Pero el homenaje a Puerto Rico no estaría completo sin una leyenda de la isla. Ricky Martin se unió a la celebración para reafirmar las raíces boricuas de la presentación, elevando la temperatura de una noche que ya era histórica.

Un mensaje de fe y unidad latinoamericana
Entre canciones, Bad Bunny se tomó un momento para reflexionar sobre su trayectoria. «Si hoy estoy en el Super Bowl LX es porque nunca dejé de creer en mí«, confesó el cantante conmovido. Inmediatamente después, continuó con su repertorio más reciente, interpretando temas de su álbum Debí Tirar Más Fotos, incluyendo la vibrante «NUEVAYoL».
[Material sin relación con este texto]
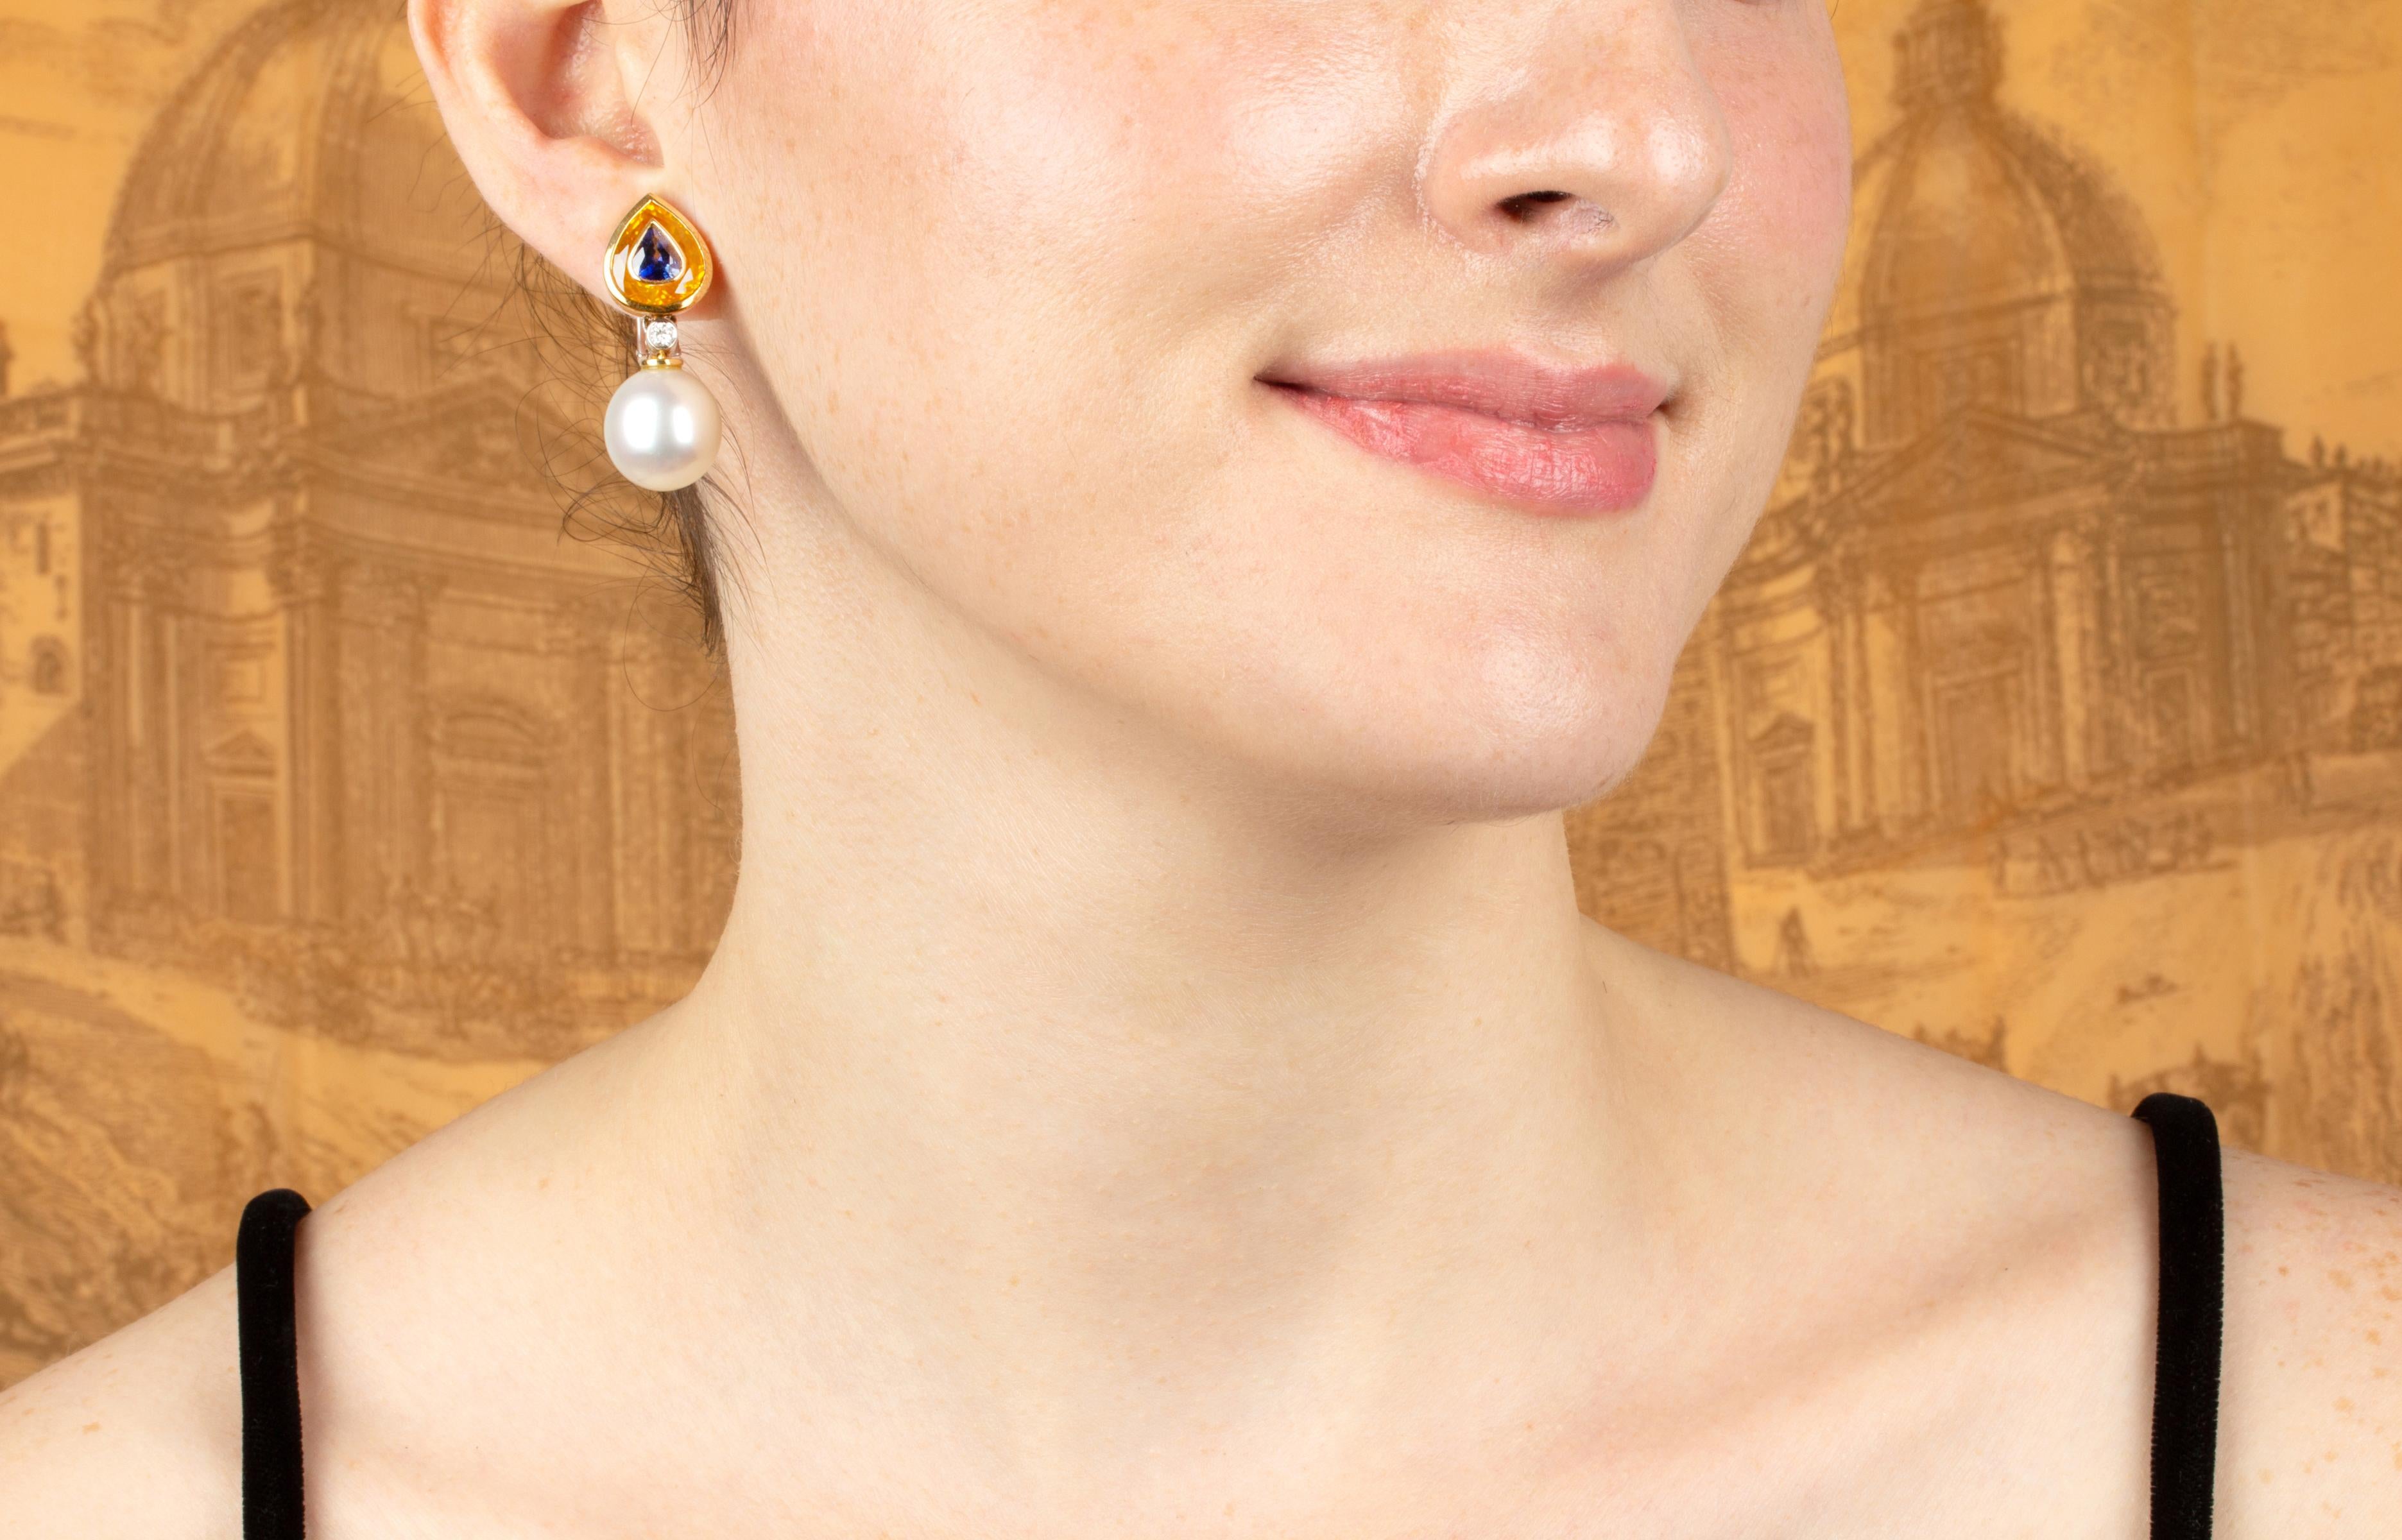 The sapphire and pearl earrings feature two faceted pear shape blue sapphires encrusted into two larger faceted yellow sapphires, a rare technical feat. (Total weight of sapphires is 15.51 carats). The tops suspend –via a round diamond- a pair of

Uno de los momentos más simbólicos ocurrió durante la interpretación de «El Apagón», seguida por la emotiva «Café con Ron». En esta última, el artista enumeró a todos los países de Latinoamérica —mencionando con fuerza a Ecuador— mientras desplegaba las banderas de todo el continente en una muestra de unidad sin precedentes.
Finalmente, el «Conejo Malo» cerró su presentación con el tema «Debí tirar más fotos…», sellando el espectáculo con un homenaje visual a la cultura latina que dejó al mundo entero sin palabras.